Step 1: Make the Chocolate Sponge

  1. Preheat oven to 350°F (175°C). Grease and line two 8-inch (20 cm) round cake tins with parchment paper.
  2. In a medium bowl, sift together flour, cocoa powder, baking powder, baking soda, and salt to ensure a light, even mixture.
  3. In a large bowl, whisk the eggs and sugar until pale and slightly thickened—this introduces air for a fluffier cake. Add the oil, buttermilk, vanilla, and espresso powder, whisking until smooth and well combined.
  4. Gradually fold in the dry ingredients using a spatula, mixing until no streaks of flour remain. Be careful not to overmix, which can toughen the sponge.
  5. Divide the batter evenly between the prepared pans. Bake for 25–30 minutes, or until a toothpick inserted in the centre comes out clean.

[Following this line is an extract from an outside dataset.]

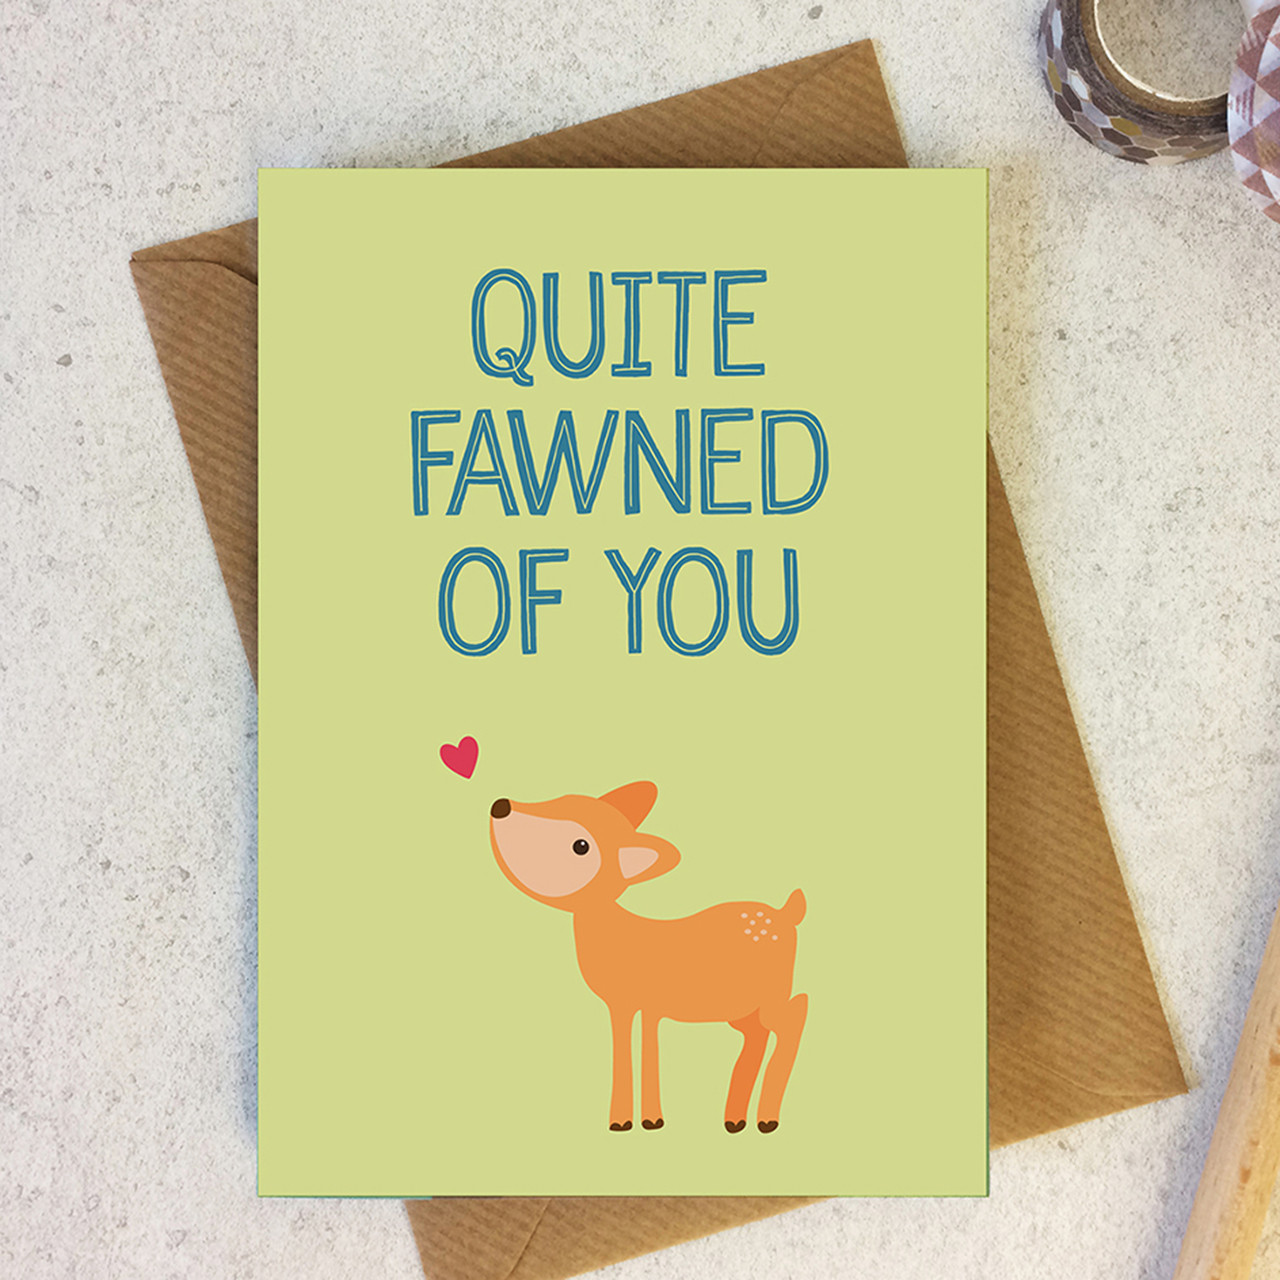 Quite Fawned of You! Funny Valentines Card
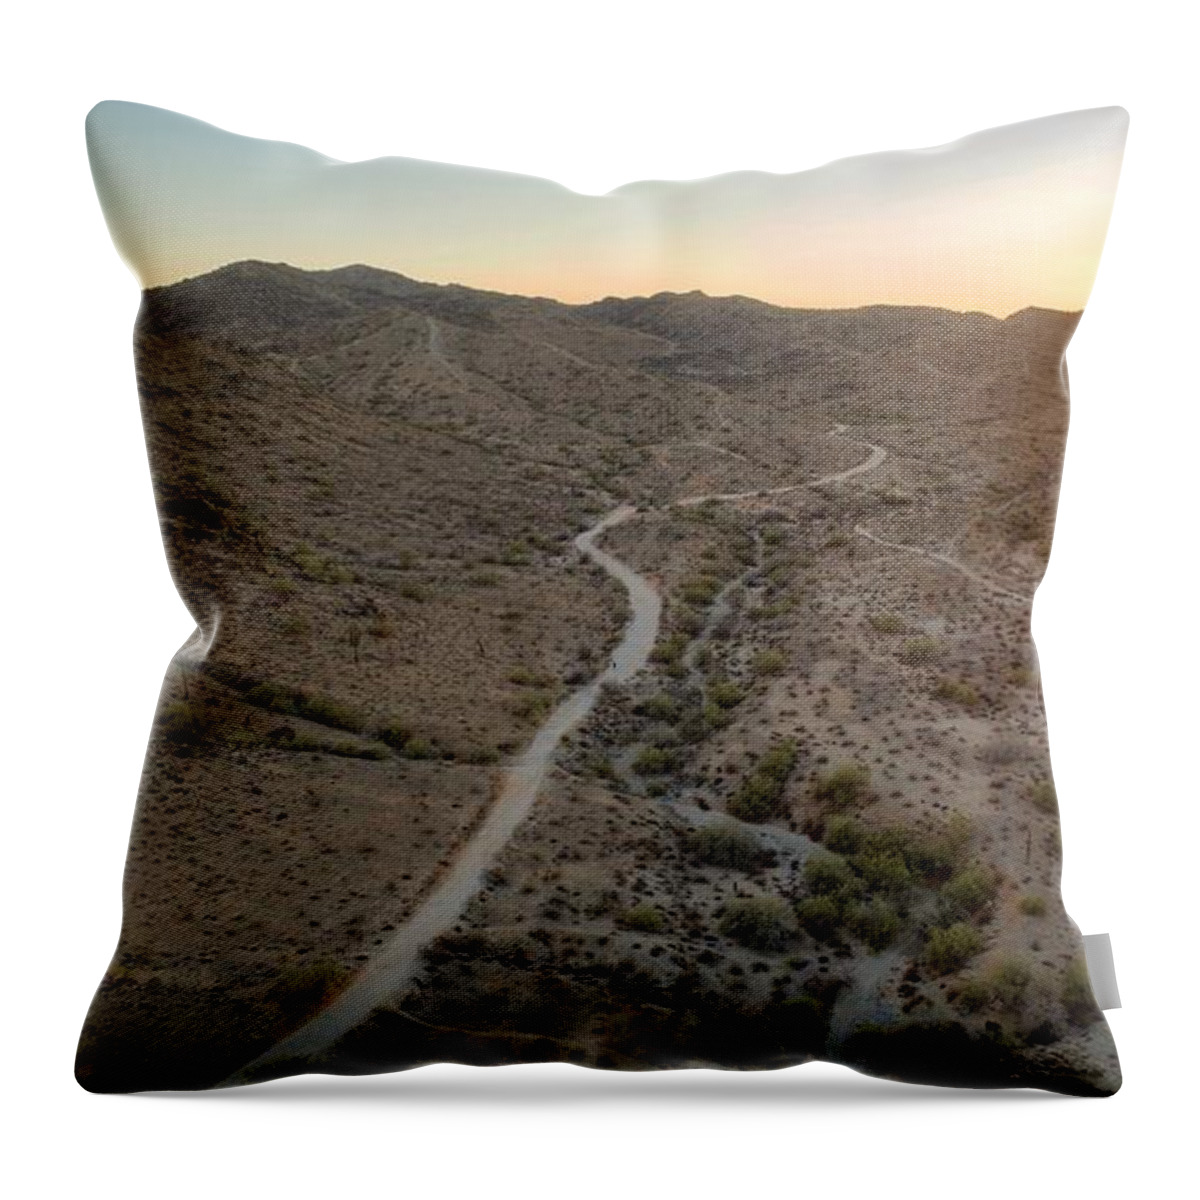 South Mountain Throw Pillow featuring the photograph South Mountain Canyon by Anthony Giammarino

Let cakes cool in pans for 10 minutes before transferring to a wire rack to cool completely.

Step 2: Make the Spiced Cherry Filling

  1. In a small saucepan, combine cherries, brown sugar, cornstarch, lemon juice, cinnamon, nutmeg, cloves, and kirsch or cherry juice. Stir to coat the cherries evenly.
  2. Cook over medium heat, stirring often, until the mixture thickens and becomes glossy. This should take 8–10 minutes. The cherries should be soft, and the sauce should cling to a spoon.
  3. Remove from heat and let cool completely. The mixture will continue to thicken as it cools, making it easier to layer without running.